(Brief):
Apart from the pictures, the listing is to be returned exactly.

╭─ Data extract

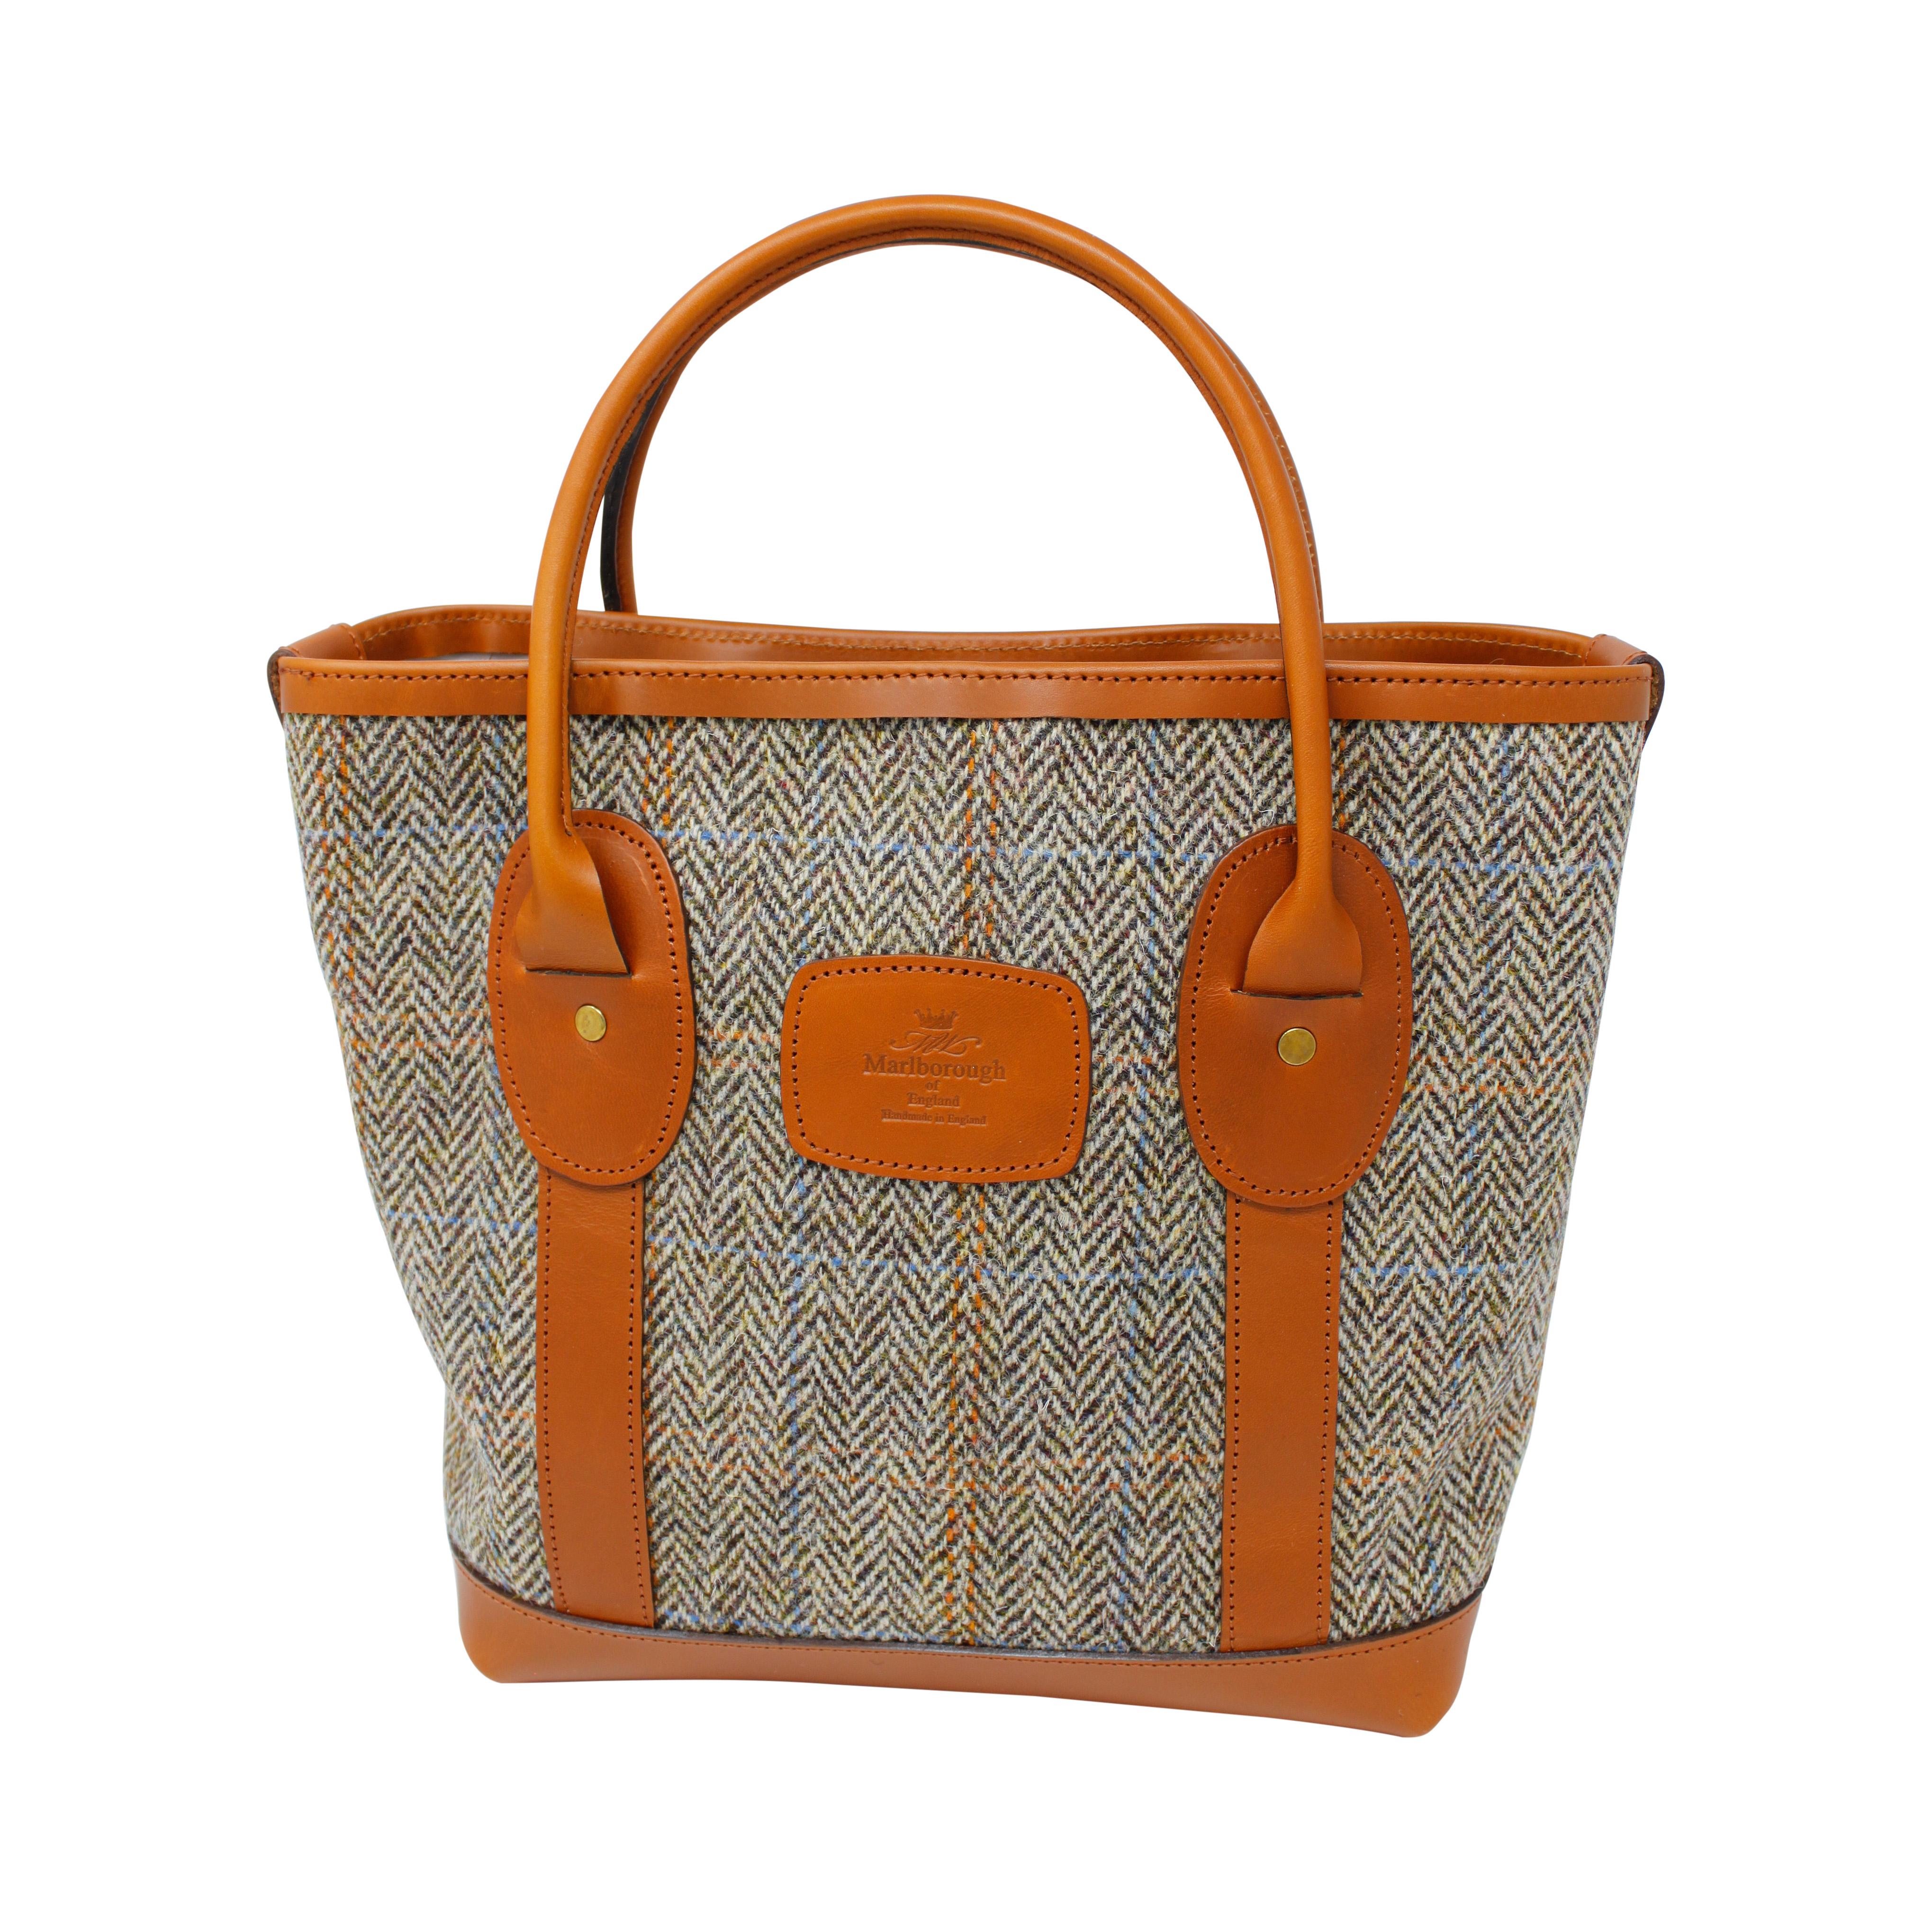 37b86c589538 Mini Tote bag using Tan Harris Tweed and Leather - Marlborough of England
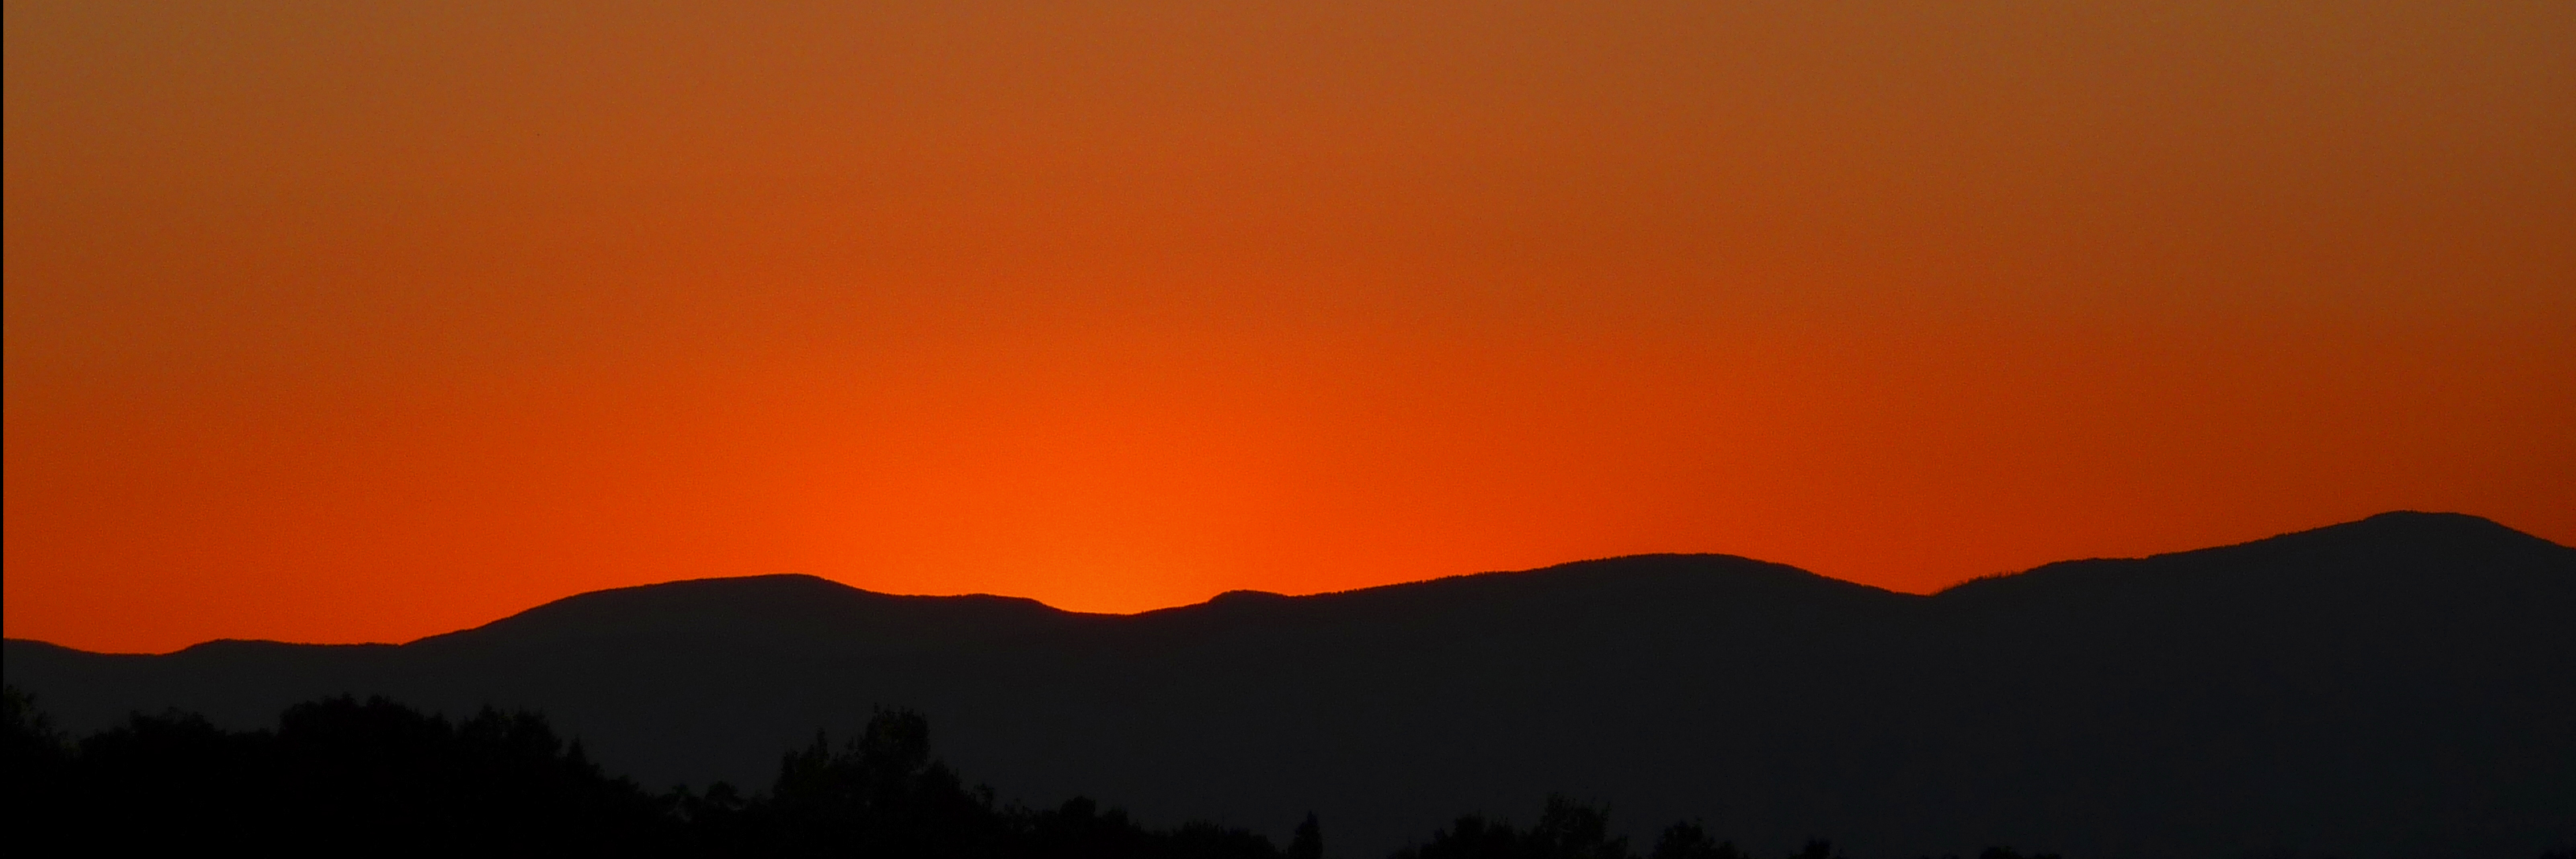 sunset 10x30
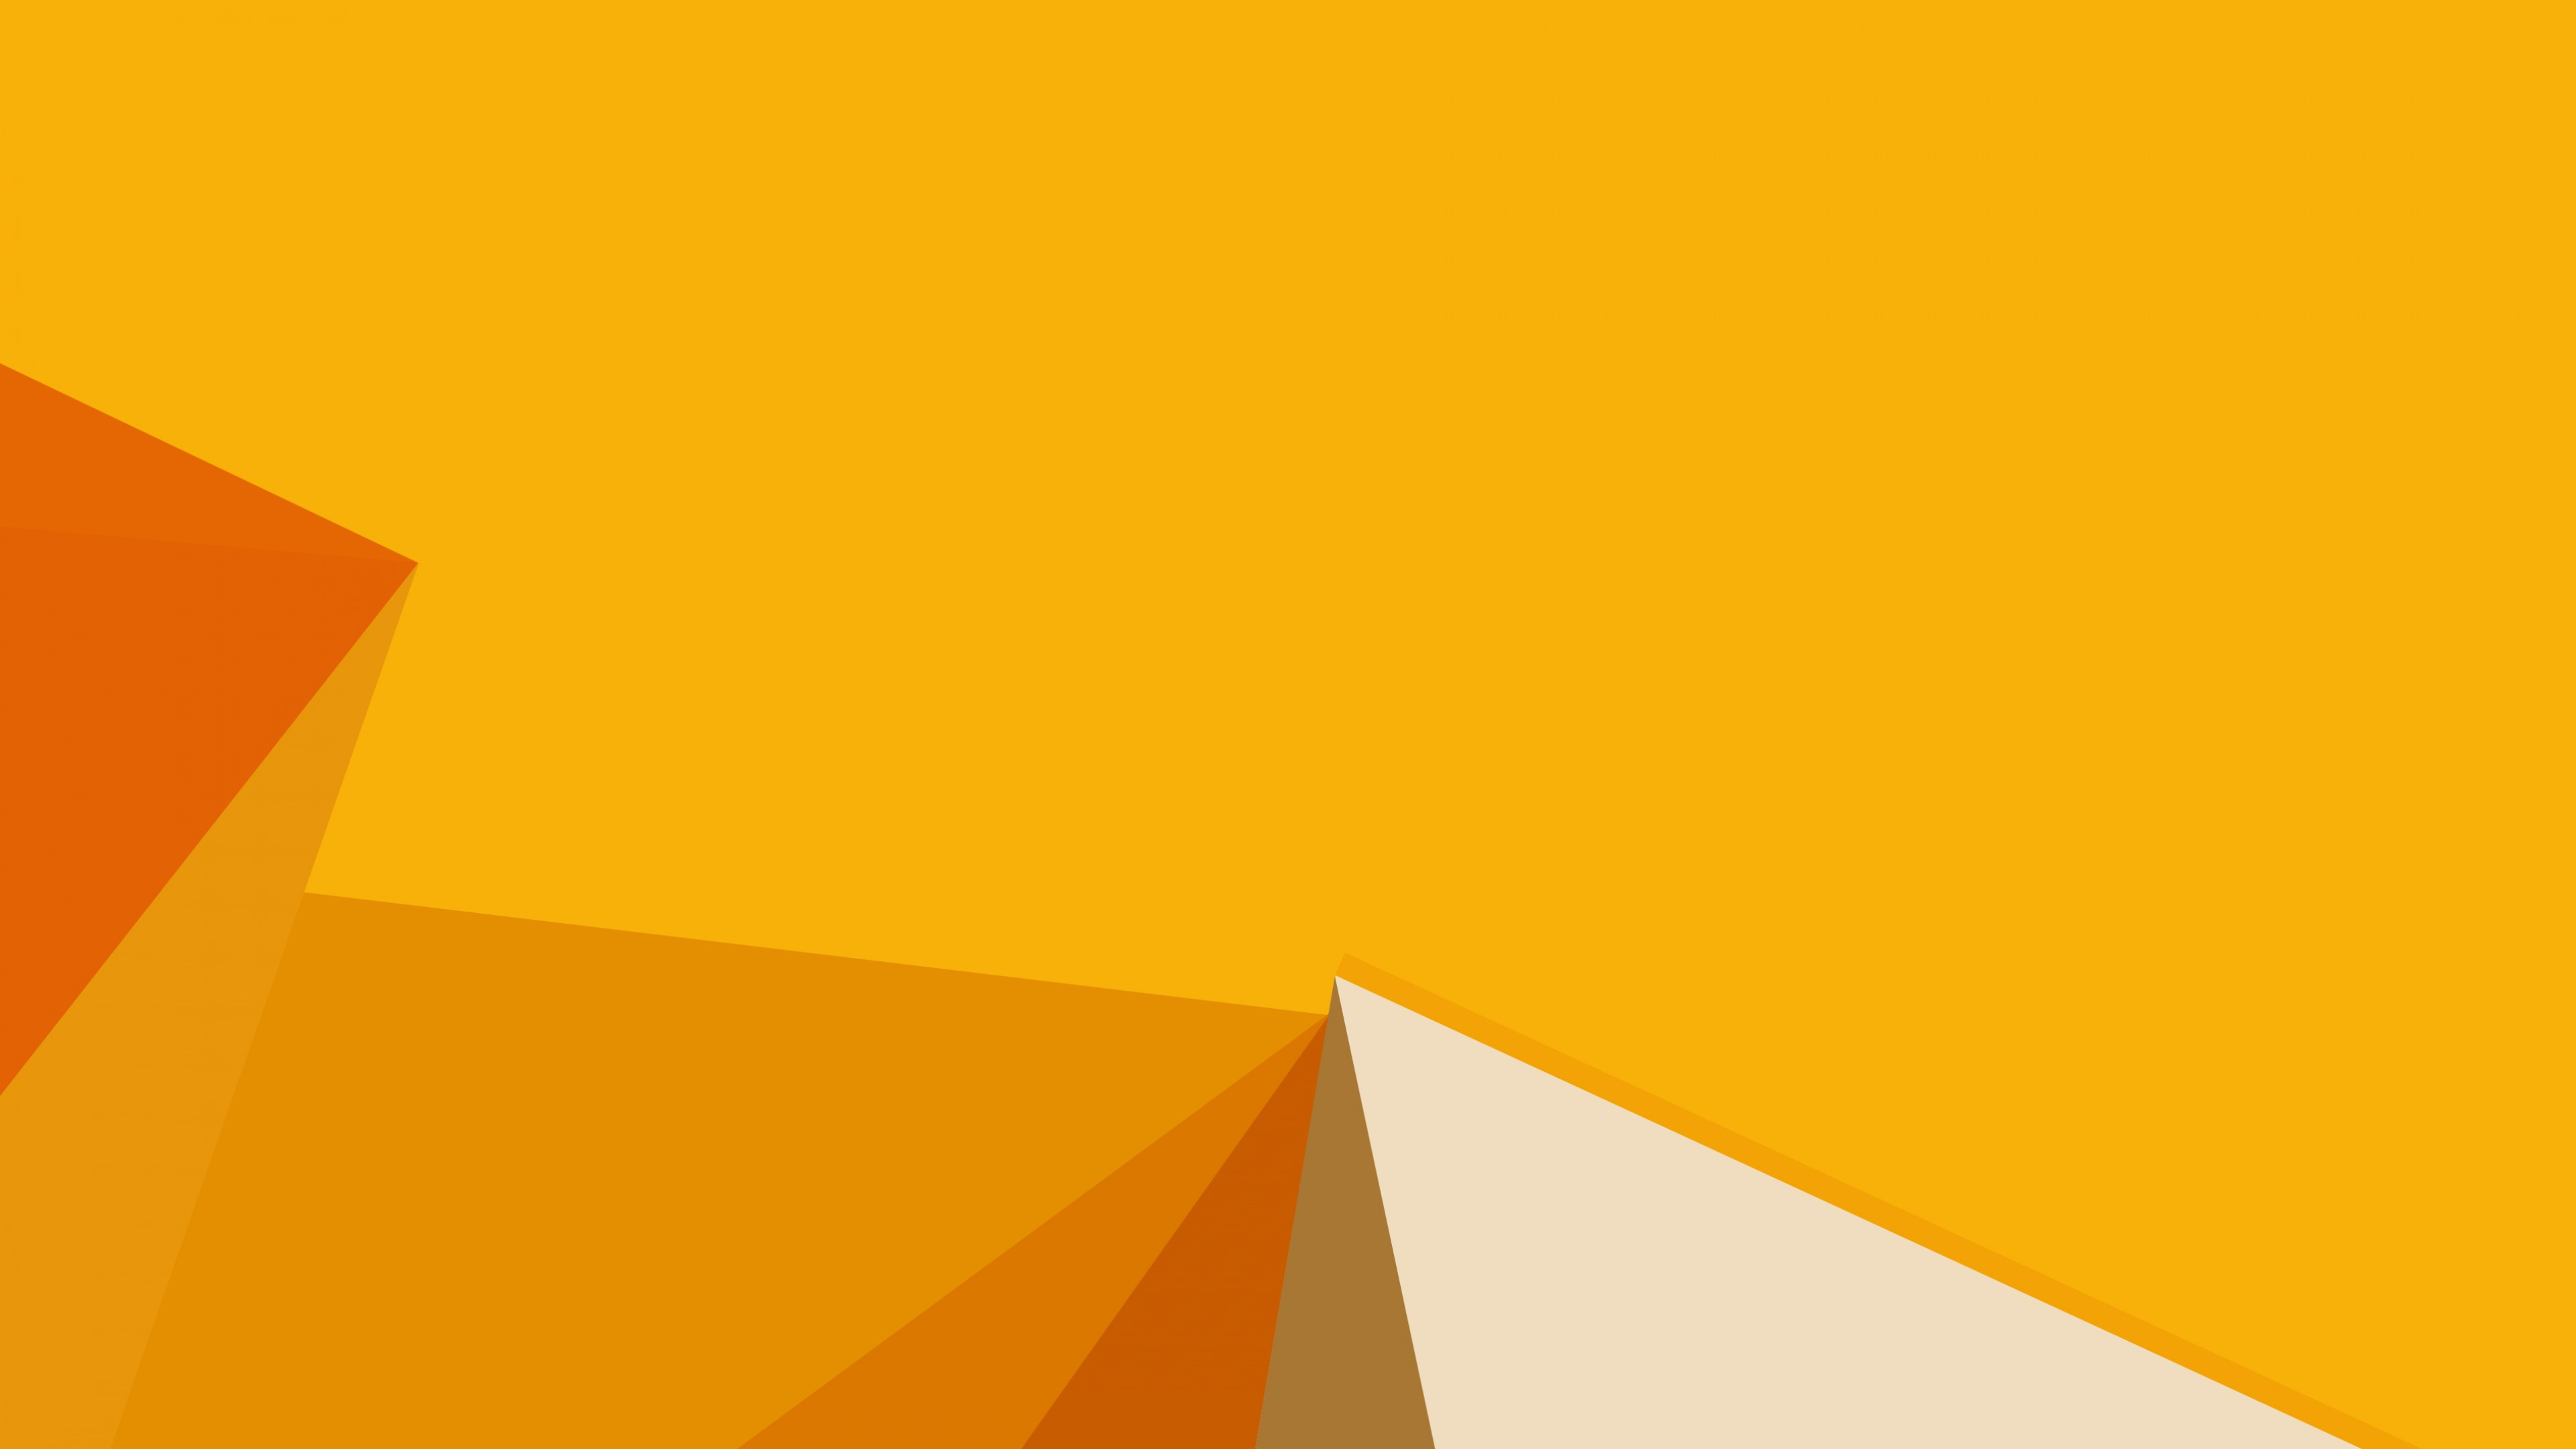 Low Poly Iphone Wallpaper Wallpaper Polygon Yellow 4k Os 15376

╰─

(Task output):
 37b86c589538 Mini Tote bag using Tan Harris Tweed and Leather - Marlborough of England
 sunset 10x30
 Low Poly Iphone Wallpaper Wallpaper Polygon Yellow 4k Os 15376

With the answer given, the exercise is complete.